Restrict the output to the lines below starting at the one that contains "tutors are available 24/7" and ending at the one that contains "Clarity VVS (horsetail inclusion)", and restate them word for word, both ends included.

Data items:

+-------+

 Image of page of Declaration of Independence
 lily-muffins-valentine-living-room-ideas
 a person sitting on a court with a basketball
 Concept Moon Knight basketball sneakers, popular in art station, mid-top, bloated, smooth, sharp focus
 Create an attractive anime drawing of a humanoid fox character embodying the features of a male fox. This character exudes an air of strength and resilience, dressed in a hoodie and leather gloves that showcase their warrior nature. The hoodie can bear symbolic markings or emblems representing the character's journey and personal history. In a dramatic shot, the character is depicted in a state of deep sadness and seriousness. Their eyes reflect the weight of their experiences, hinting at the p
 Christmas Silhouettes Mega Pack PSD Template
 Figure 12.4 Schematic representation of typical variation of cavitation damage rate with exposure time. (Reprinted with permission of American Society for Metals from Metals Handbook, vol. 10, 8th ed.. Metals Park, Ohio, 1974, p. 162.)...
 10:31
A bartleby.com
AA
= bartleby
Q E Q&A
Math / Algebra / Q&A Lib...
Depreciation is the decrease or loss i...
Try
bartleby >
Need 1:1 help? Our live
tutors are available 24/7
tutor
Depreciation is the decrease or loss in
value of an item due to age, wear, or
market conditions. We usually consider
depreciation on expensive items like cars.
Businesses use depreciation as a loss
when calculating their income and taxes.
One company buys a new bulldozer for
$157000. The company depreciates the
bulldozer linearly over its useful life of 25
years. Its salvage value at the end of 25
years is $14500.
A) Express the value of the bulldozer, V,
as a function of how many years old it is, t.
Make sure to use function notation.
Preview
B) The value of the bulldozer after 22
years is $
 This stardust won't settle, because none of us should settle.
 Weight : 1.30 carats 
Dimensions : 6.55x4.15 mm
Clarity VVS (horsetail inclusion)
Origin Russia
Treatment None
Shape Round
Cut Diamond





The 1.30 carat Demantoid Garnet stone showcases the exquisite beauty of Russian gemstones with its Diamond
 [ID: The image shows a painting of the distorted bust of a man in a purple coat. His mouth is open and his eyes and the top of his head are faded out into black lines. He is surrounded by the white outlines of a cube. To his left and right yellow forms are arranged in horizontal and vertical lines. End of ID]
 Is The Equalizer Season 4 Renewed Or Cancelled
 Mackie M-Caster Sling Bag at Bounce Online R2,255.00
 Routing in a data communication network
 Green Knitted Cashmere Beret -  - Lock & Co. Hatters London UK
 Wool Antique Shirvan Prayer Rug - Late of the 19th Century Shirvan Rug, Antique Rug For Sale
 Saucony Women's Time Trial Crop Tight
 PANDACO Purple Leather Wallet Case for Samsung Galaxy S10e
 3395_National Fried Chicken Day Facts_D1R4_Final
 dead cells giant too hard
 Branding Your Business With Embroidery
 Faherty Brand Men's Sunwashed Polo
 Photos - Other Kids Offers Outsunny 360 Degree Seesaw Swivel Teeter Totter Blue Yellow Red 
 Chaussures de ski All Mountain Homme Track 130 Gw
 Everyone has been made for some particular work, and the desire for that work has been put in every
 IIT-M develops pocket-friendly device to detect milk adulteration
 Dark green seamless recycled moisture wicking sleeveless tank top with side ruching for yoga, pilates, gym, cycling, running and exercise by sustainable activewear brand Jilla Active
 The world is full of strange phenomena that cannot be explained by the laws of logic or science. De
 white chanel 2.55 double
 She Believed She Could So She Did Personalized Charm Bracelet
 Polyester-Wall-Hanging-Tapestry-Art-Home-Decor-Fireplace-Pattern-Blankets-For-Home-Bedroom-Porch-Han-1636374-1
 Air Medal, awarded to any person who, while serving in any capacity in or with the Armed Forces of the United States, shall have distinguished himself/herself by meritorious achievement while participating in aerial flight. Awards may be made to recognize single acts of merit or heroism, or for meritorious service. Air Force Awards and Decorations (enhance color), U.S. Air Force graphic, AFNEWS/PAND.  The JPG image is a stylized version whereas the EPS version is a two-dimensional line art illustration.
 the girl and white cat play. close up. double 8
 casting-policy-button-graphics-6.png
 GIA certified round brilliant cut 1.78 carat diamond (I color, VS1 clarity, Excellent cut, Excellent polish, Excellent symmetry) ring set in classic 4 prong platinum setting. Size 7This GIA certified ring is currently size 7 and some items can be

+-------+

Answer to this task
tutors are available 24/7
tutor
Depreciation is the decrease or loss in
value of an item due to age, wear, or
market conditions. We usually consider
depreciation on expensive items like cars.
Businesses use depreciation as a loss
when calculating their income and taxes.
One company buys a new bulldozer for
$157000. The company depreciates the
bulldozer linearly over its useful life of 25
years. Its salvage value at the end of 25
years is $14500.
A) Express the value of the bulldozer, V,
as a function of how many years old it is, t.
Make sure to use function notation.
Preview
B) The value of the bulldozer after 22
years is $
 This stardust won't settle, because none of us should settle.
 Weight : 1.30 carats 
Dimensions : 6.55x4.15 mm
Clarity VVS (horsetail inclusion)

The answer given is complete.